In fact, the results show that there are electrical and chemical changes in the brain, namely in relation to a neurotransmitter named GABA and its neuronal receptors, of which there are two different types: The A, and the B. According to new data, excessive and continuous consumption of alcoholic beverages affects both types of receptors in men, while in women only the neurotransmitter type A receptors undergo alterations. However, what this means and how it can be interpreted from the point of view of the brain functioning of men and women is not clear.

“GABA”, notes Outi Kaarre, “is a fundamental neurotransmitter, which is involved in the inhibition of many of the brain’s systems and functions and plays an important role, for example, in anxiety and depression disorders”. In general, says the researcher, “this neurotransmitter has an effect of decreasing, or calming, brain activity”.
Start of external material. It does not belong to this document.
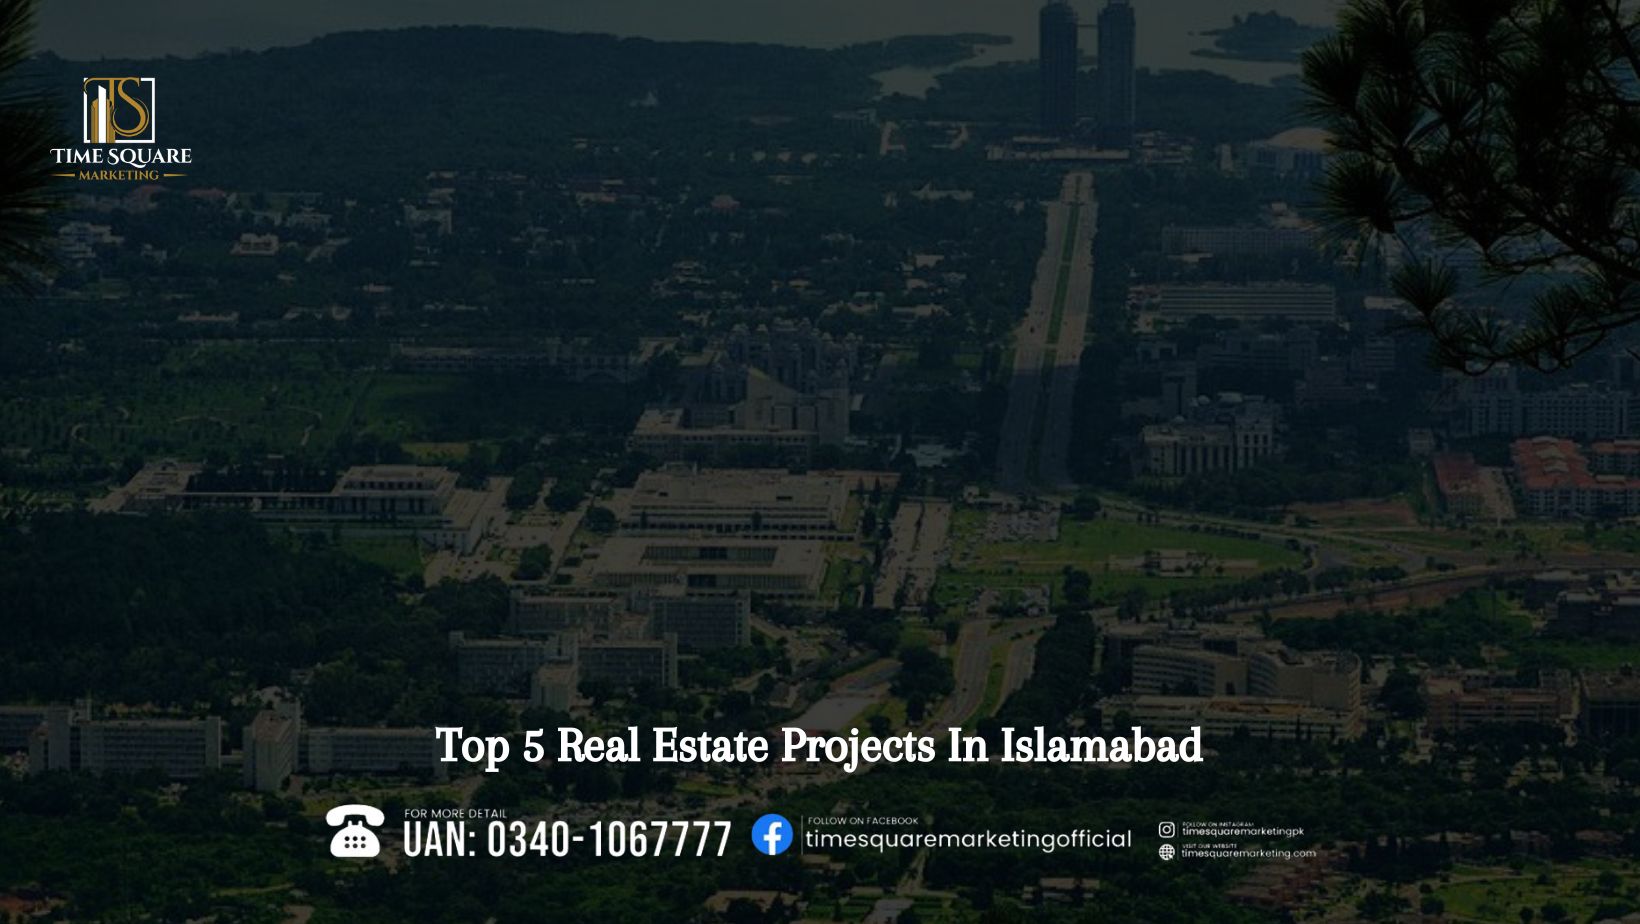 Top 5 Real Estate Projects In Islamabad

Animal studies have shown that the GABA-A receptor is associated with lower alcohol consumption patterns, while GABA-B is more present in the brain process linked to the desire to drink. Thus, the Finnish team believes their results “could be the door to a possible mechanism that explains the differences between men and women” in relation to alcohol consumption.

In this study, 11 men and 16 women, aged between 23 and 28 years, with a history of 10 years or more of excessive alcohol consumption were involved. All of them with alterations in the EEG, after applying a magnetic stimulation, that stimulates the neuronal activity, individuals of the same age and without this history did not present these changes.